Most people who know Mazzy Star, know them from their one "hit", "Fade Into You," a lugubrious maybe love song that might be about feelings that were never noticed or reciprocated by the "you" in question. Or not.

And that is Mazzy Star in a nutshell--subdued, restrained, off-kilter, but probably meaning more than they say, possessing all kinds of musical chops that they are probably not showing off, and, really, just a bit weird.  In both the best way and the worst way,  a listener got the feeling that they were not reaching for anything, especially stardom.

But that was a long time ago, especially in popular music years, even alternative music years.  Now Seasons Of Your Day arrives some 17 years after their previous CD.  Now, the first chance to hear the new one came courtesy of NPR. That's the musical world we are in now.

"In The Kingdom," the opener adds a simple organ riff in front of the trademark reverbed slide guitar.  Hope Sandoval's carry a surprising lightness.  To imagine her singing "Hey, hey" as filler was once unthinkable.  The guitar is always on the move between slides and fills that follow the chord changes. I could listen to this pleasant little song for a long, long time.  "California" undercuts its title with the first strummed minor chord, but on these early songs, Sandoval's voice is not as deep in the reverb as it has been and the mix gives it plenty of space.  One can almost imagine an acoustic Jimmy Page strumming behind a female Robert Plant.  There's a haze here that the song never allows to burn off.  "I've Gotta Stop" drifts into territory occupied by Patsy Cline or Maria McKee of Lone Justice.  It's a lament, but the kind where the singer doesn't really want or believe what she's saying, and Sandoval as teaser is very affecting.  "Does Someone Have Your Baby Now?" initially implies sympathy, but the singer has no interest in supplying sexual consolation.  "Common Burn" may be the best of the bunch, at least musically.  Its mix of guitar, voice, harmonica, slide, and vibes creates a pleasant, summery Neil Young feel that confidently fits on most any playlist format.  The title track is an acoustic guitar and voice rumination that, like several songs on the CD, works the stripped-down approach to great advantage.

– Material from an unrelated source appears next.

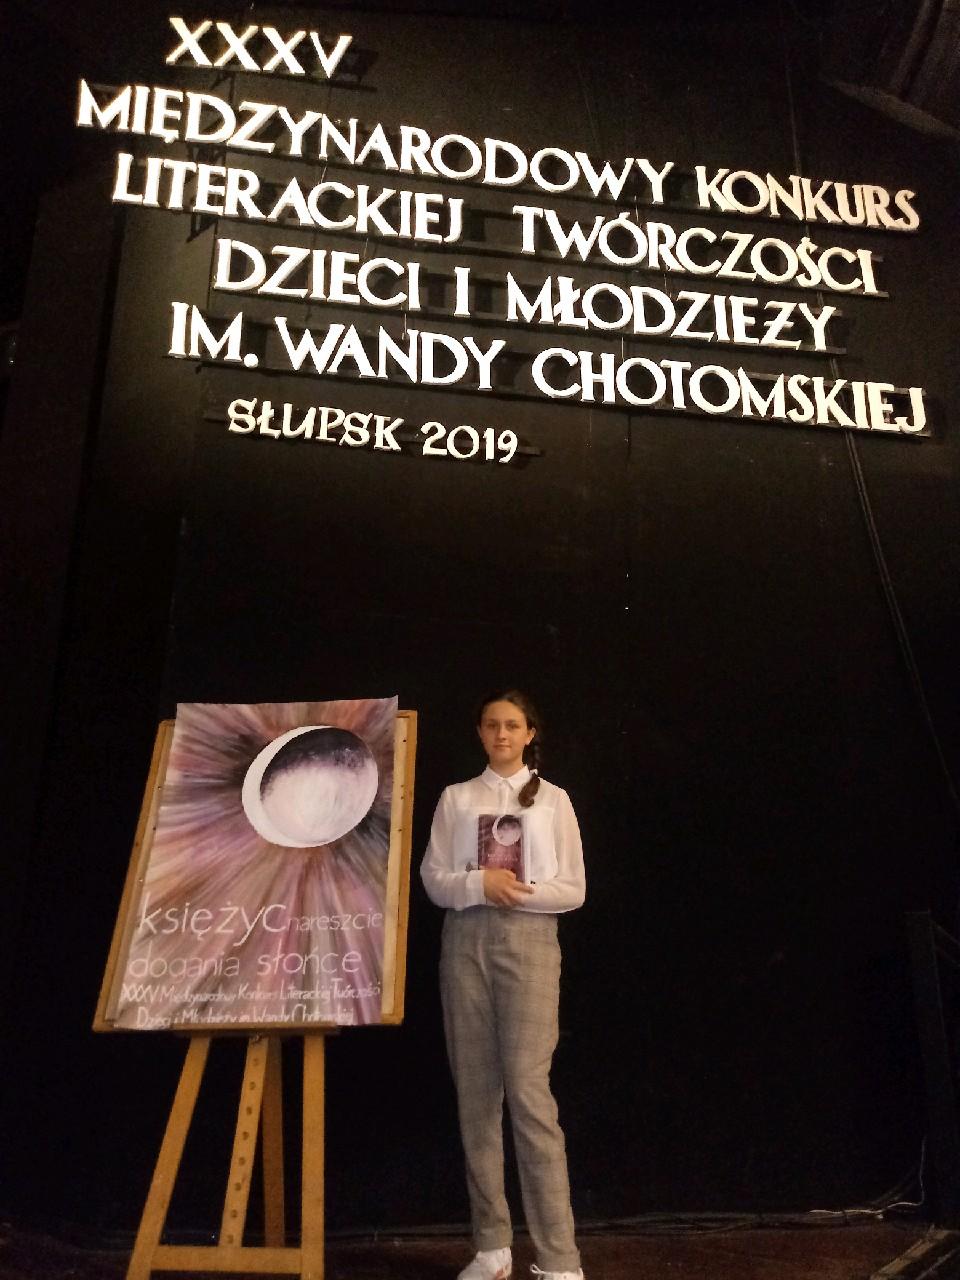 XXXV Międzynarodowy Konkurs Literackiej Twórczości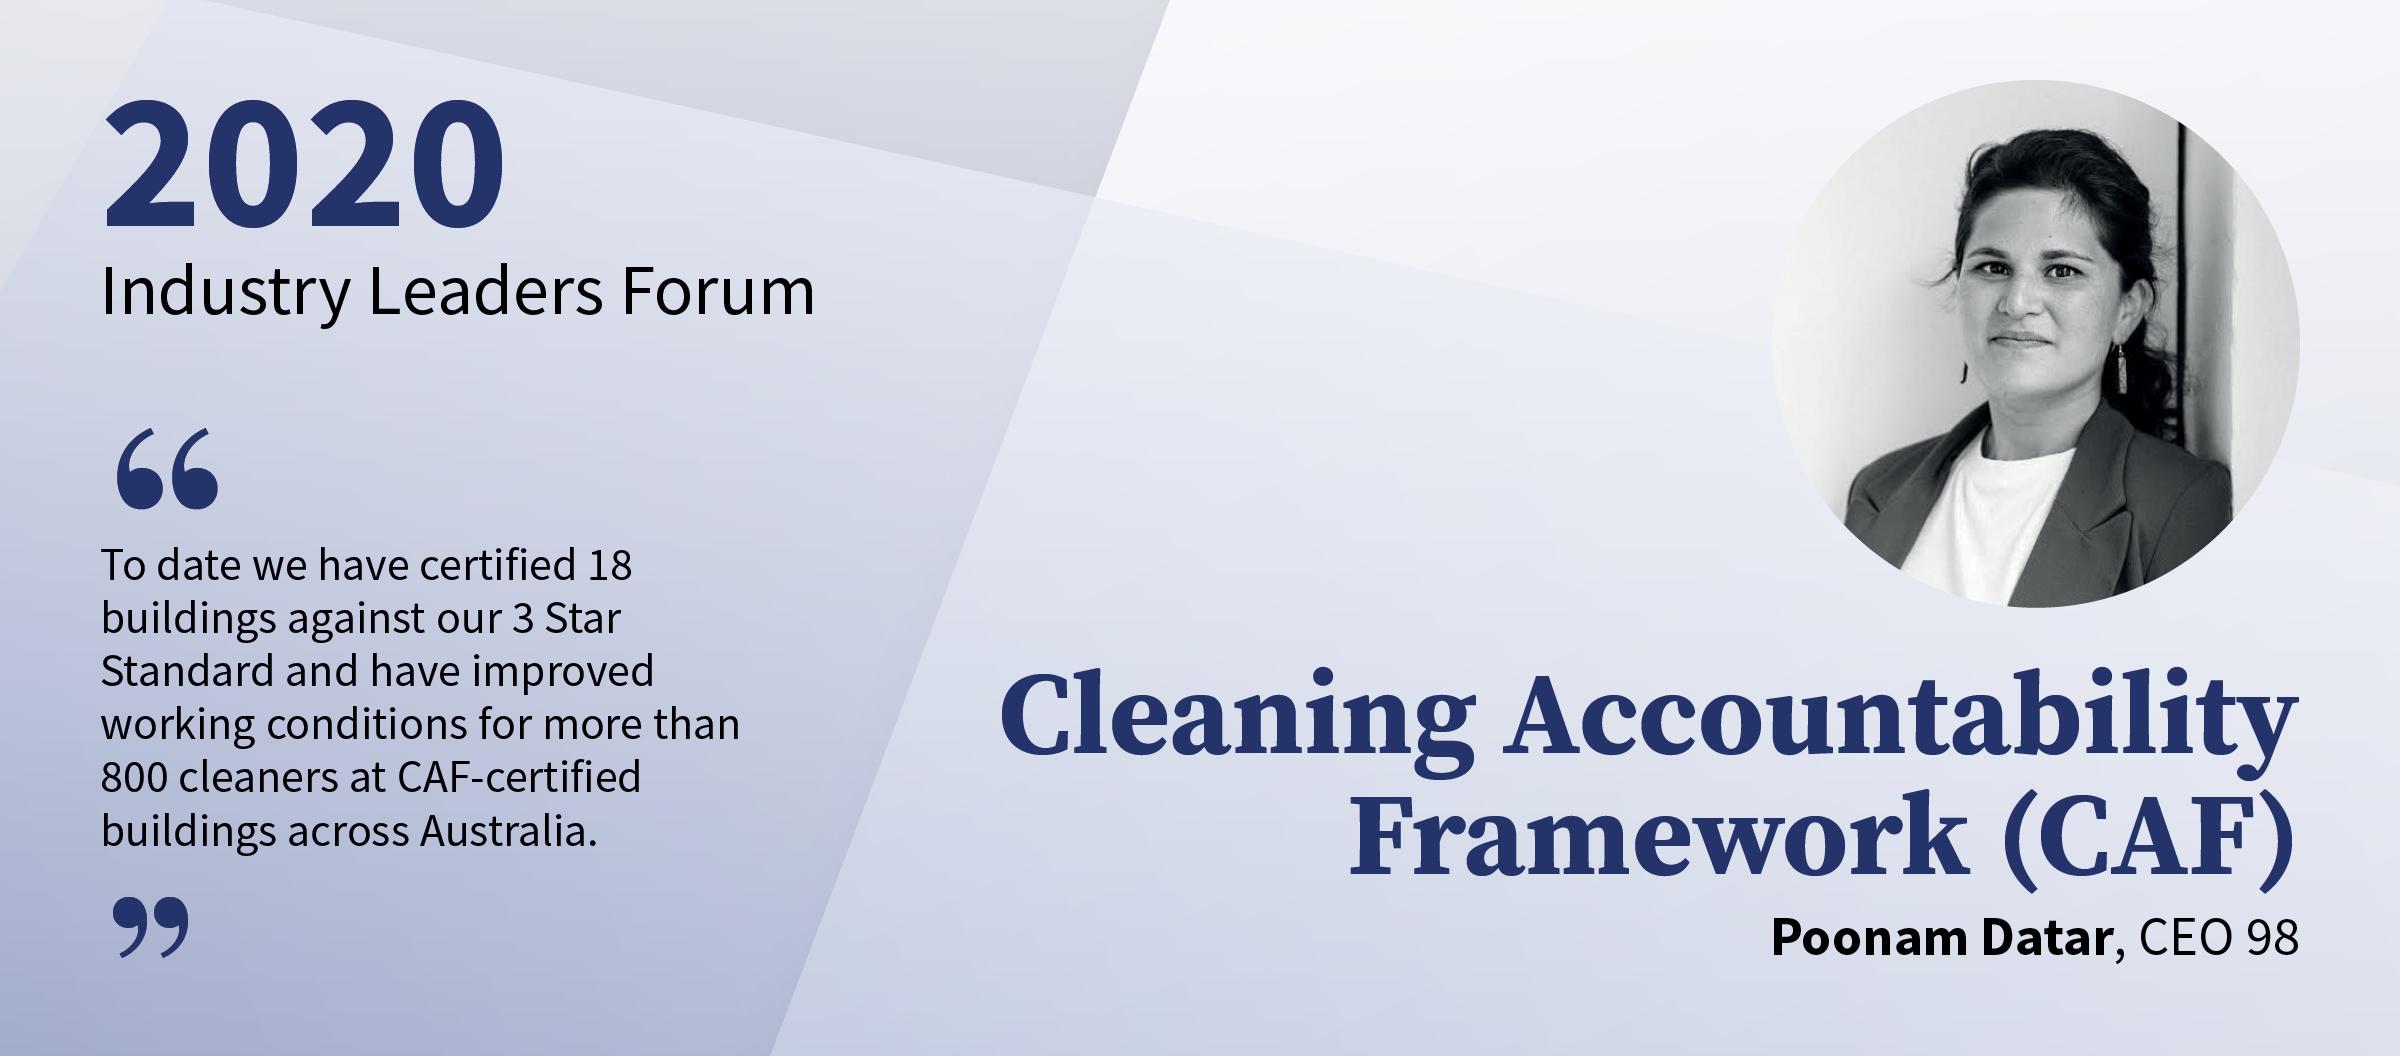 INCLEAN Leaders Forum 2020 1200x528 4

But my favorite so far is "Lay Myself Down," a driving Grateful Dead type country song with a tambourine and a pedal steel and cryptic lyrics that still work.  After all, this is Mazzy Star.

Luckily, many of the songs are worth waiting for, even for those of us who didn't realize that we were waiting at all.  And it isn't just because of lead singer Hope Sandoval or the persona she conveys.  David Roback, the guitarist and co-songwriter, is simply better than he was.  His blend of electric and acoustic is more separated and engaging, his lead work, riffs, and fills are tastier and more complex.

As for Sandoval herself, it is as if she has returned to remind the current crop of alt-ish female emo-crooners (not a critical term, just a struggle to characterize the genre) where they got their sound from.  In Sandoval's voice and lyrics, in her delivery through a thorough soaking of reverb, I hear everything from Lana Rey's schtick (with subtlety) to even most of what Neko Case is about.

Admittedly, the last few songs on Seasons Of You Day are not as engaging, but then a Mazzy Star CD has never been something you play top to bottom over and over.  I wouldn't even claim they were ever a great band, just a band with some great songs and when all the pieces fit, there was/is no one like them in all their glory.

I don't know why Mazzy Star makes me so happy.  There isn't much happy in the songs.  I don't really tap my foot on the floorboard on hand on the steering wheel to them.  I think it's mostly that storyline, that reminder that there are things that do exist outside of time, or at least outside of the time arcs that we have come to expect--a CD every 2-3 years and when you're done, you're done.

Au contraire, says Mazzy Star.  We live in our own world on our own time and we show up with what we've got when it feels right to us.  Rock has always supported such iconoclasts.  It's good to have them back.  It doesn't change much, but the small pleasure that comes from a batch of pretty good songs is always something.